Equivalent - Duplicate Degree Credit Not Granted: CSPB 1000
Requisites: Restricted to students with 0-26 credits (Freshmen) Computer Science (CSEN-BSCS or CSEN-BA) or Engineering Open Option (XXEN) majors only.
Additional Information: Departmental Category: General Computer Science
This seems promising. We can use ^
to only match the start of each line, but would this rule out all false positives? What if the description started with the course number? These are all concerns your regex should address.
The 5 following letters are always the same CSCI
. Got any ideas on the numbers? As another hint, look at RegExr's cheatsheet on the left-hand side of the webpage. Some numbers can match any digit, while one must be limited.
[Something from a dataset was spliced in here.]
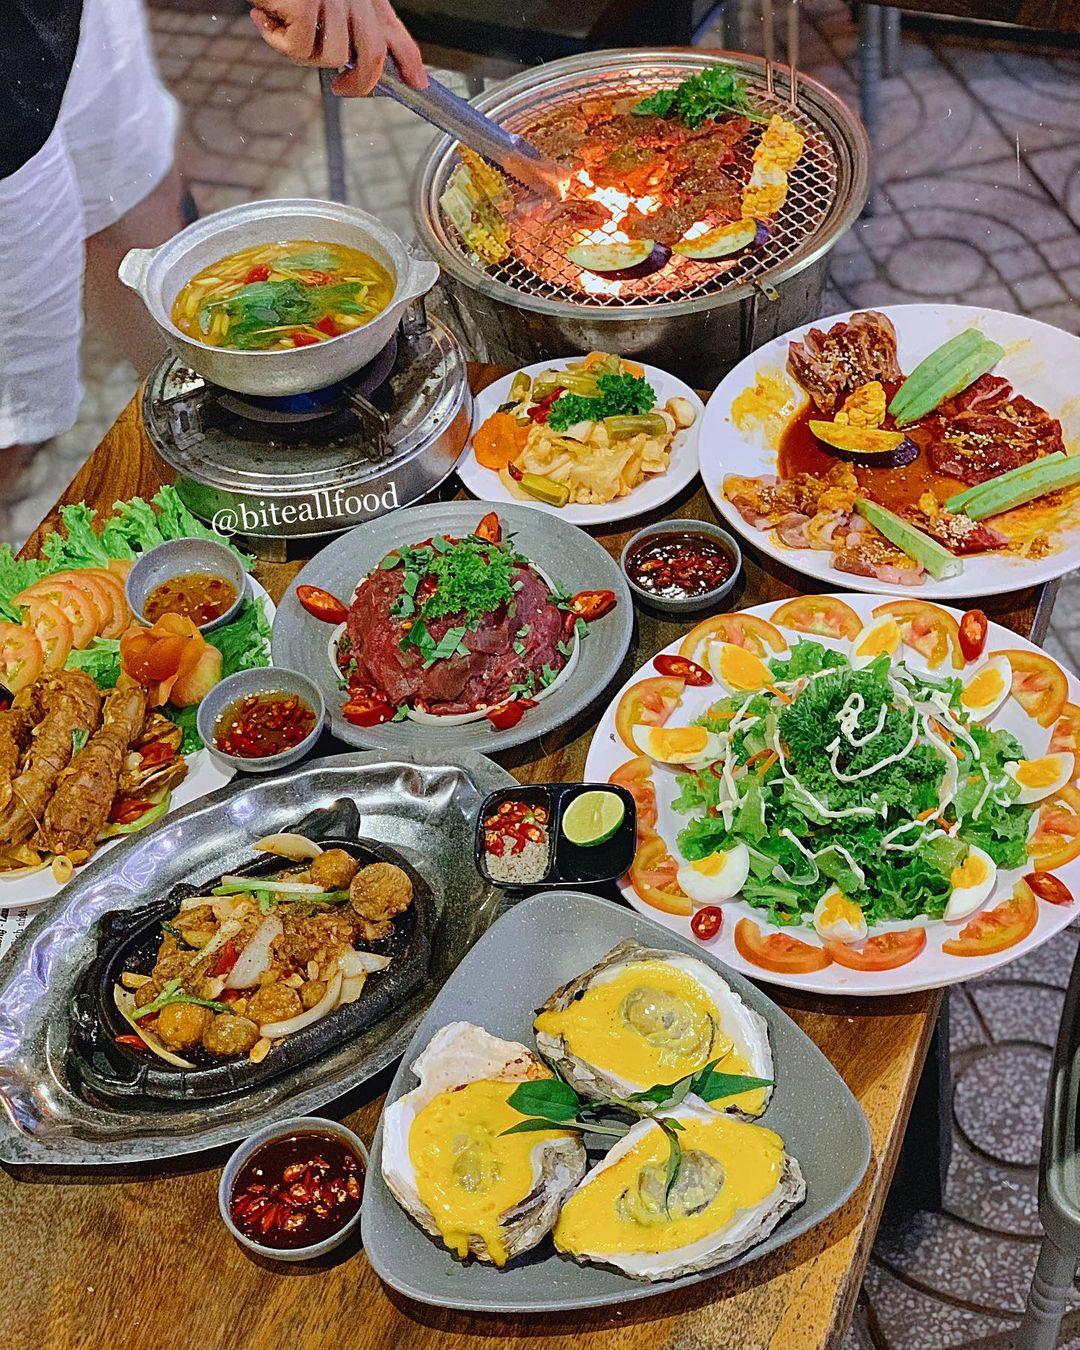 quan an buffet hai san thu duc thung phi nuong Jokul

You may also want to look at [ ]
for enclosing a list or characters to match.
Note: You should refer to the metacharacters shared above in these notes.
Now let's see how it works in the terminal
Refer to the instructions here to connect to a linux terminal.
Once you are confident in your solution, you can move on to the terminal.
To test your regular expression we will use grep
. You need to replace the contents of the string with your regular expression from above.
For Linux or WSL2 terminals, to enable Posix, add -p option to grep command.
grep -E "<YOUR_REGULAR_EXPRESSION>" course-catalog.txt
CSCI 2275 (4) Programming and Data Structures
CSCI 2897 (3) Calculating Biological Quantities
CSCI 3155 (4) Principles of Programming Languages
...
Now you could count these manually, but regular expressions are particularly powerful when combined with simple linux tools such as wc -l
, which counts the number of lines. You can use a pipe operator to pipe the output of one command to another.
grep -E "<YOUR_REGULAR_EXPRESSION>" course-catalog.txt | wc -l
51
Did you get the right answer? If not, go back to RegExr and verify that the explanation given under "Tools" matches your intuition.